▸ ACTION ITEM:
Start at the first line below and write out everything verbatim except the pictures.

▸ EXERCISE DATA:
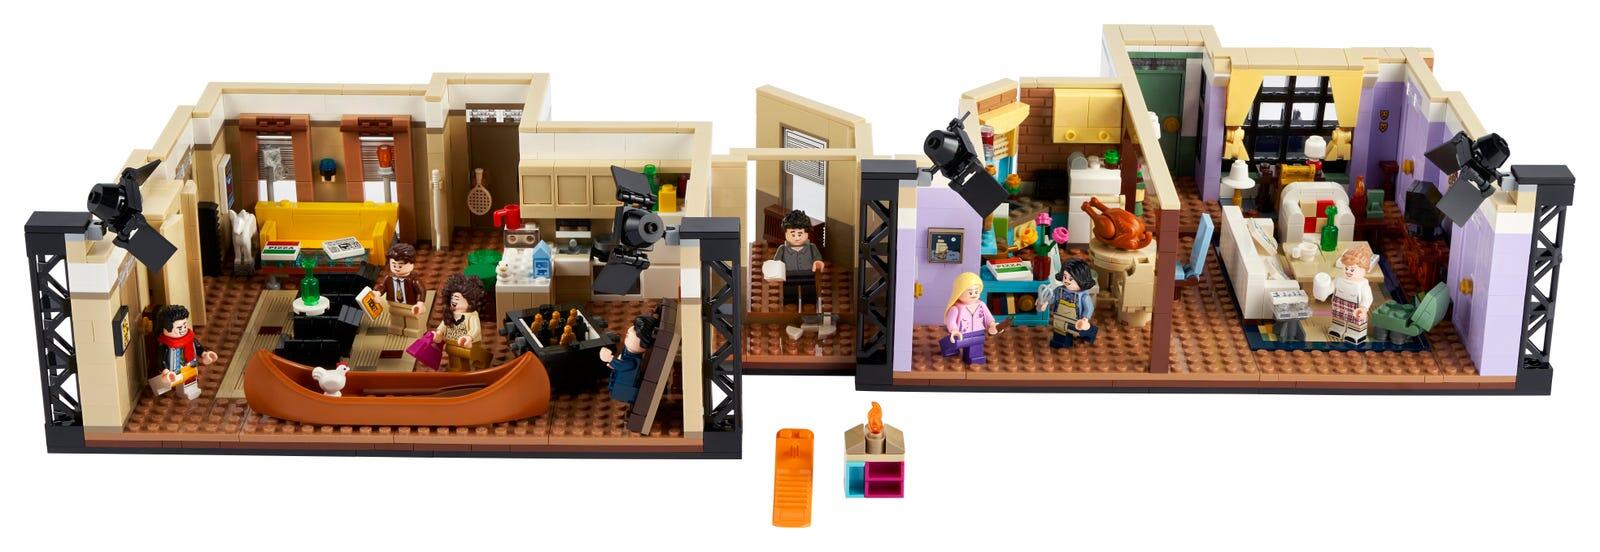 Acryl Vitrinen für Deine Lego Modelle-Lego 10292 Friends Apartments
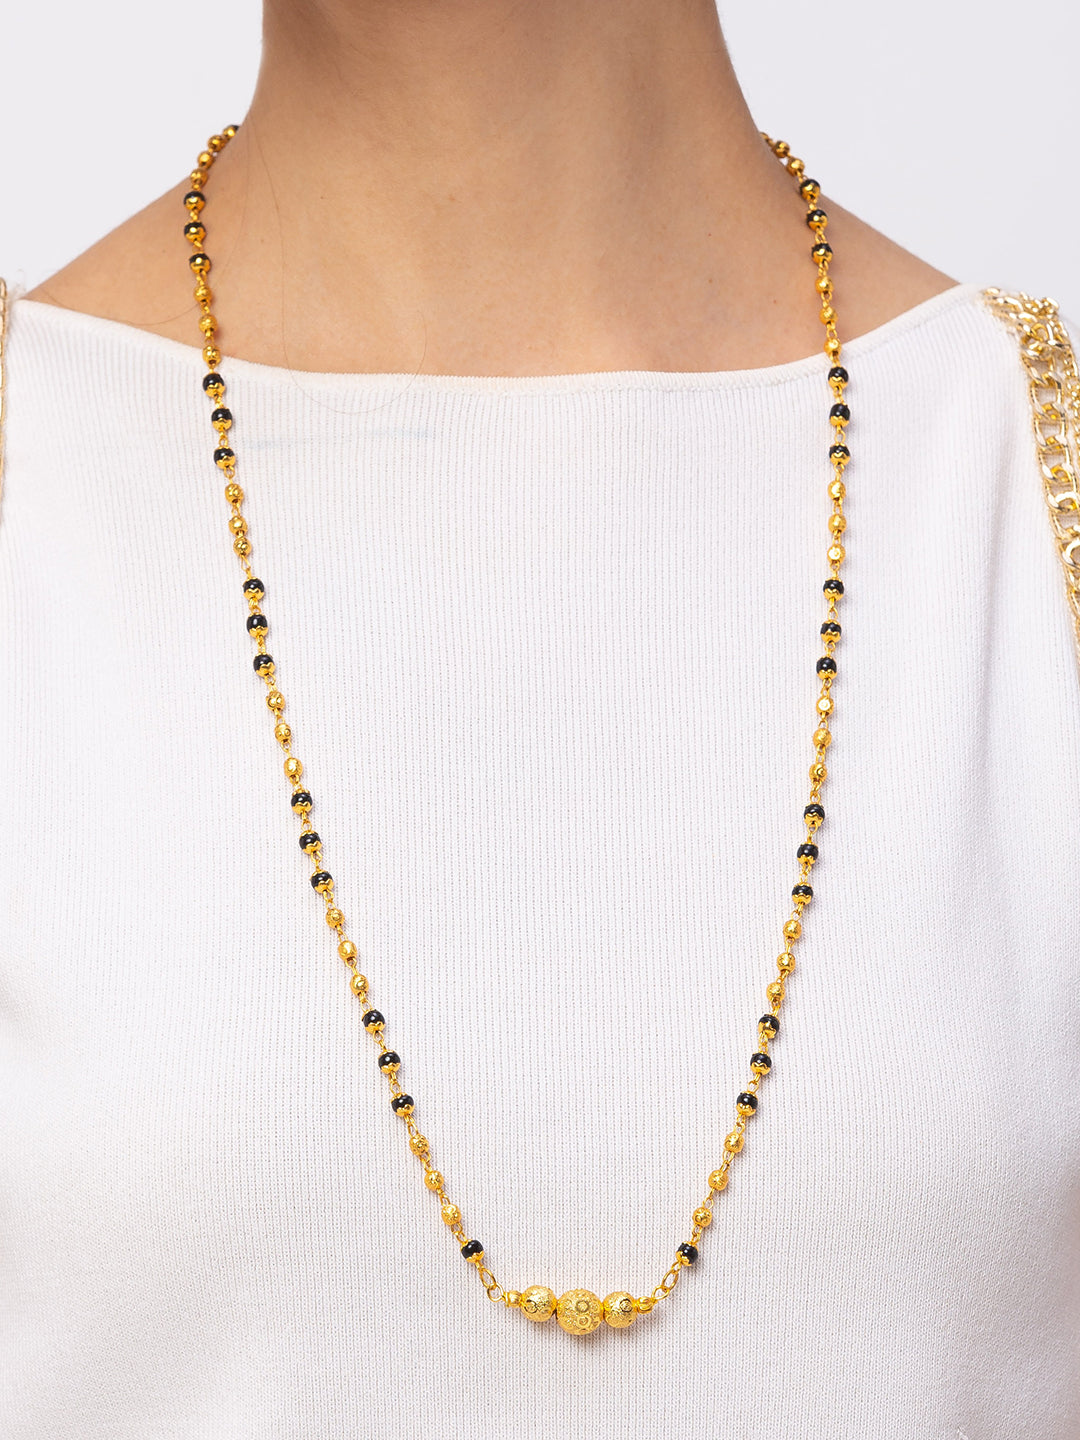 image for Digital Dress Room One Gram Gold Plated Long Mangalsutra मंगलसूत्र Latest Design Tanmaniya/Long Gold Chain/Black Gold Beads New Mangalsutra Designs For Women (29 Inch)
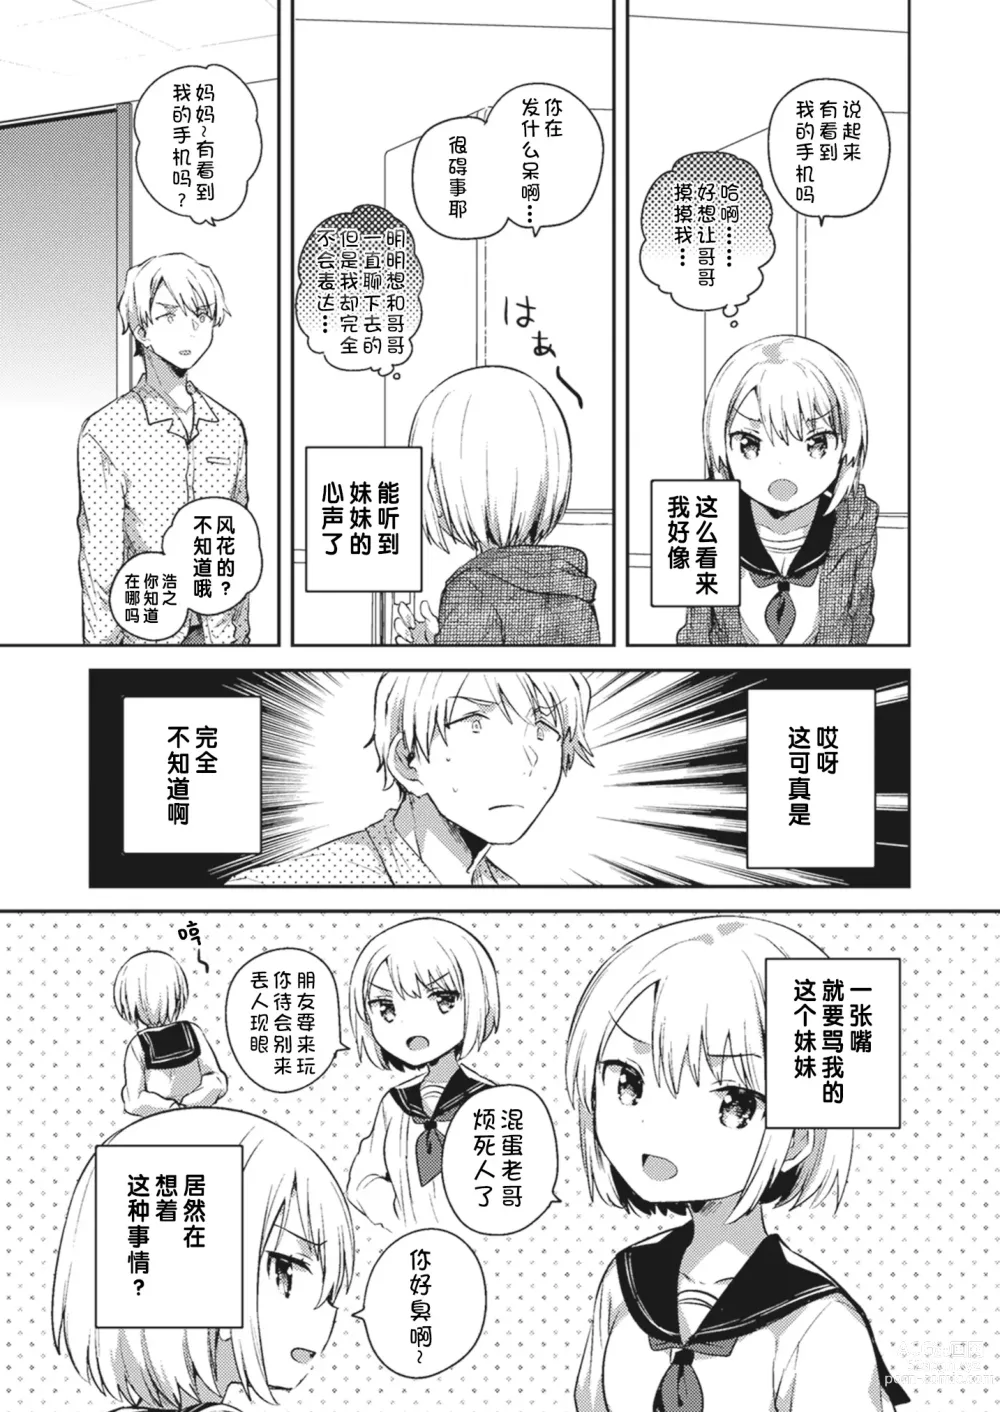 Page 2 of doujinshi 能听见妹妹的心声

▸ RESPONSE BOX:
 Acryl Vitrinen für Deine Lego Modelle-Lego 10292 Friends Apartments
 image for Digital Dress Room One Gram Gold Plated Long Mangalsutra मंगलसूत्र Latest Design Tanmaniya/Long Gold Chain/Black Gold Beads New Mangalsutra Designs For Women (29 Inch)
 Page 2 of doujinshi 能听见妹妹的心声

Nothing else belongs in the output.